Рассказанная Ленцем история — это и своего рода семейная сага, повествующая о расцвете и упадке одной семьи в условиях «экономического чуда» и «общества потребления», красноречиво раскрывающая особенности морально-психологического уклада жизни определенного социального слоя. По мере процветания дела, основанного и руководимого Целлером, резче выявляются нравственные контрасты, идет процесс этической дифференциации. Имущественные интересы, жажда обогащения и власти приходят постепенно в непримиримое противоречие с бескорыстием, душевной щедростью, человеческой теплотой.

Перед нами классический конфликт, нисколько не утративший своей актуальности: вокруг ожидаемого наследства бушуют страсти, материальные интересы сминают казавшуюся гладкой оболочку семейного быта. Вскипающие домашние бури обнажают всю призрачность недавнего сосуществования, выглядевшего почти мирным; эгоизм оборачивается ненавистью, и вот уже разрастается, не зная удержу, семейная вражда. Стареющий глава семьи, вложивший столько сил и труда в свой лесопитомник, связывал с ним надежды не только материальные, но и нравственные (природа как великий исцелитель и очиститель душ) и даже в определенном смысле общественно-политические (лес вместо полигона). Недаром он потратил столько нервной энергии, чтобы сломить сопротивление «ведомств». Но вот, дряхлея, приближаясь к собственному финалу, он вынужден наблюдать, как дичает душевно его младший сын, как стремление к богатству начинает определять все его поведение, весь его моральный статус. Можно считать, что в этом смысле глава семьи терпит крушение: семена добра и человечности не взошли в собственном доме. Целлер не в состоянии предотвратить процесс обесчеловечения, разрушения нравственных основ, не может остановить торжества бездуховности. Он пытается на свой лад, «чудачески», противостоять этому безостановочному угасанию человечности. Но все его попытки тщетны.
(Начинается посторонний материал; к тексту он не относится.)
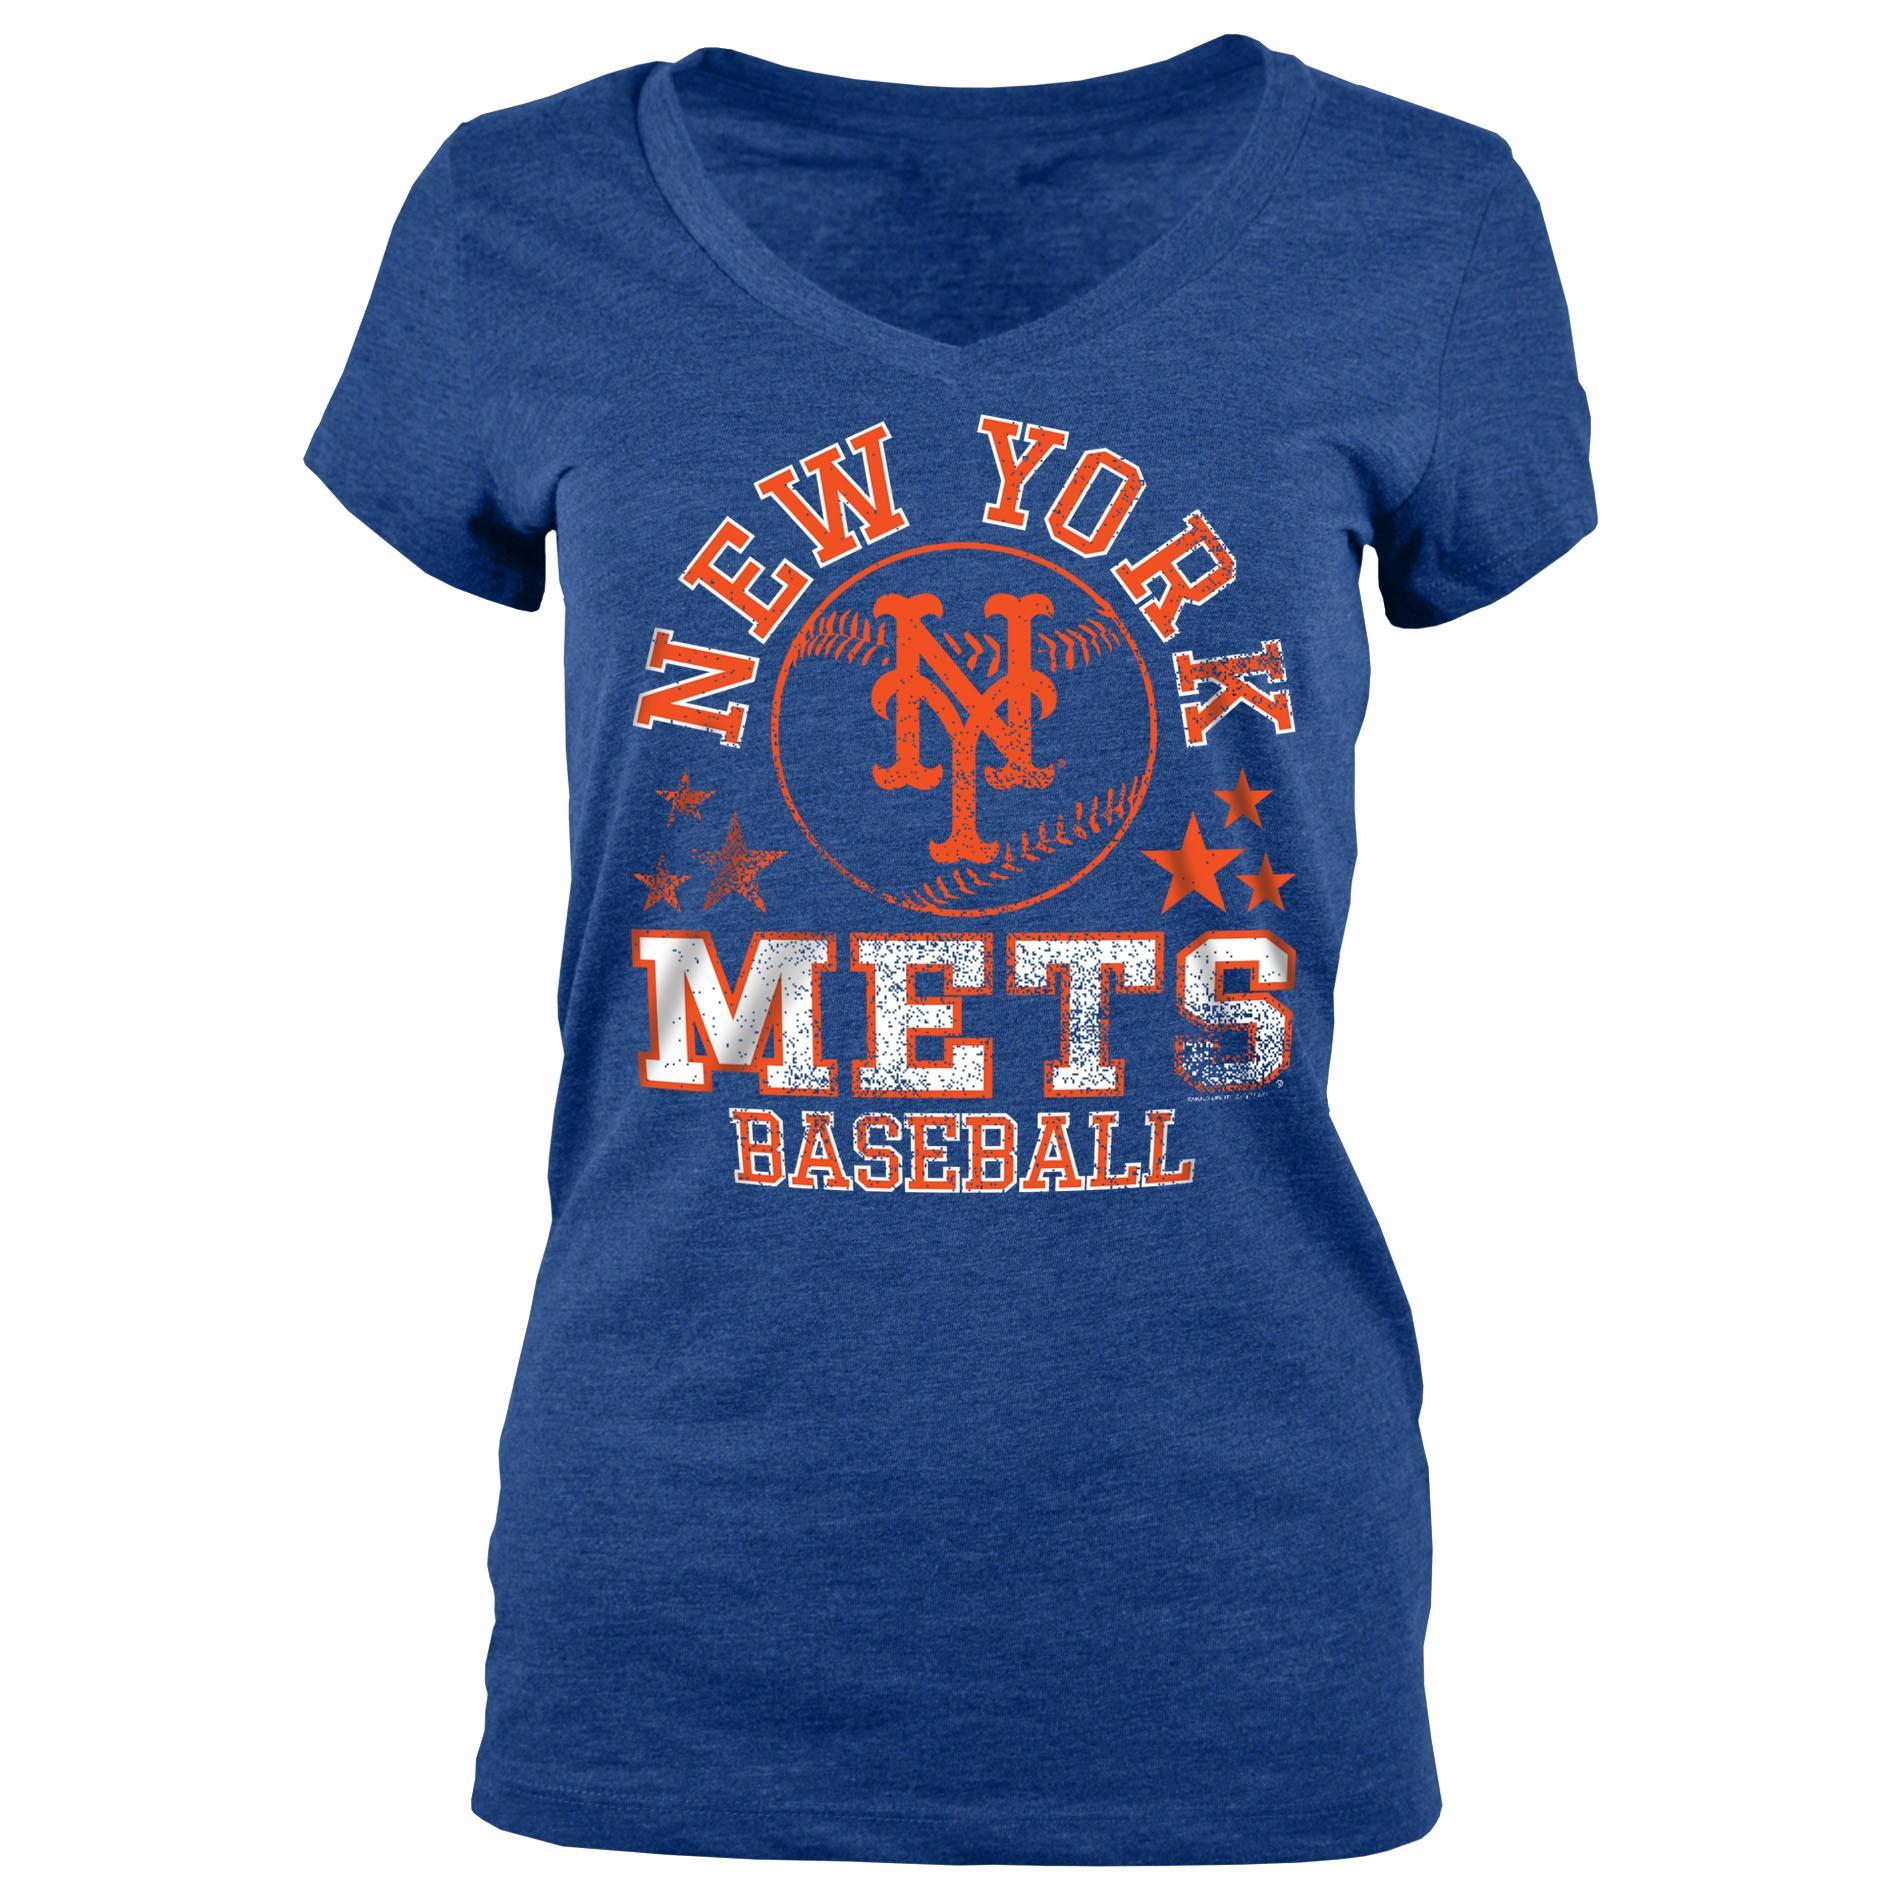 MLB Women's V-Neck T-Shirt - New York Mets

Желание вознаградить преданность Бруно, единственного человека, который служил своему покровителю верой и правдой, лишь провоцирует младшего отпрыска на акт крайней, безмерной жестокости. Да и старший сын Целлера, некогда увлекавшийся бунтарскими антисобственническими идеями левого молодежного движения 60-х годов, вступается за «семейные ценности», против их «разбазаривания». И даже его прежняя, казавшаяся устойчивой покровительственная симпатия к Бруно уступает место трезвому расчету. Туманной становится и судьба сиротеющего лесопитомника — ведь если некому больше вести за него упорную борьбу, «инстанциям» куда легче вернуть войне землю, с таким трудом отнятую у нее для мира. Похоже, что «волки» и «буйволы» в этом романе могут восторжествовать. «Агнцам» не под силу сдержать натиск жестокого эгоизма, властолюбия и стяжательства.
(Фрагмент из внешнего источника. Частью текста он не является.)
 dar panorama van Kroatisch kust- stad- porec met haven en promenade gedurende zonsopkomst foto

Семейная линия романа, движение которой столь беспощадно высвечивает характеры, прорисована, пожалуй, наиболее убедительно, придавая повествованию традиционную для Ленца эпическую основательность и глубину психологизма. Правда, возникают в романе внутренние разрывы, ослабляющие прочность художественной конструкции. Временами появляется ощущение, что возможности, заложенные в символике заголовка, не развернуты в полную меру, что образ леса, вытесняющего казарму, сулил больше, нежели автору удалось реализовать.

Это ощущение связано прежде всего с провисающим, недостаточно закрепленным в структуре романа, хотя и ключевым по замыслу сюжетным мотивом, связывающим прошлое и настоящее. Когда-то здесь, на плацу, разыгралась трагедия, подоплека которой столь характерна для недавней германской истории. Литература ФРГ дала впечатляющие свидетельства непосильной муштры, жестокости, унижения человеческого достоинства, составлявших непременную особенность фашистской казармы. Впрочем, казарменная обстановка времен более отдаленных, периода первой мировой войны, тоже калечила души, угнетала, деформировала сознание молодых немцев — как тут не вспомнить хотя бы «На Западном фронте без перемен» Ремарка. В пору нацизма, когда усиленно отлаживалась военная машина рейха, учебный плац становился местом, где изничтожалась личность и взращивался захватчик. Жестокость муштры закрепляла и ускоряла этот процесс превращения солдата, «ландсера», в оккупанта и убийцу.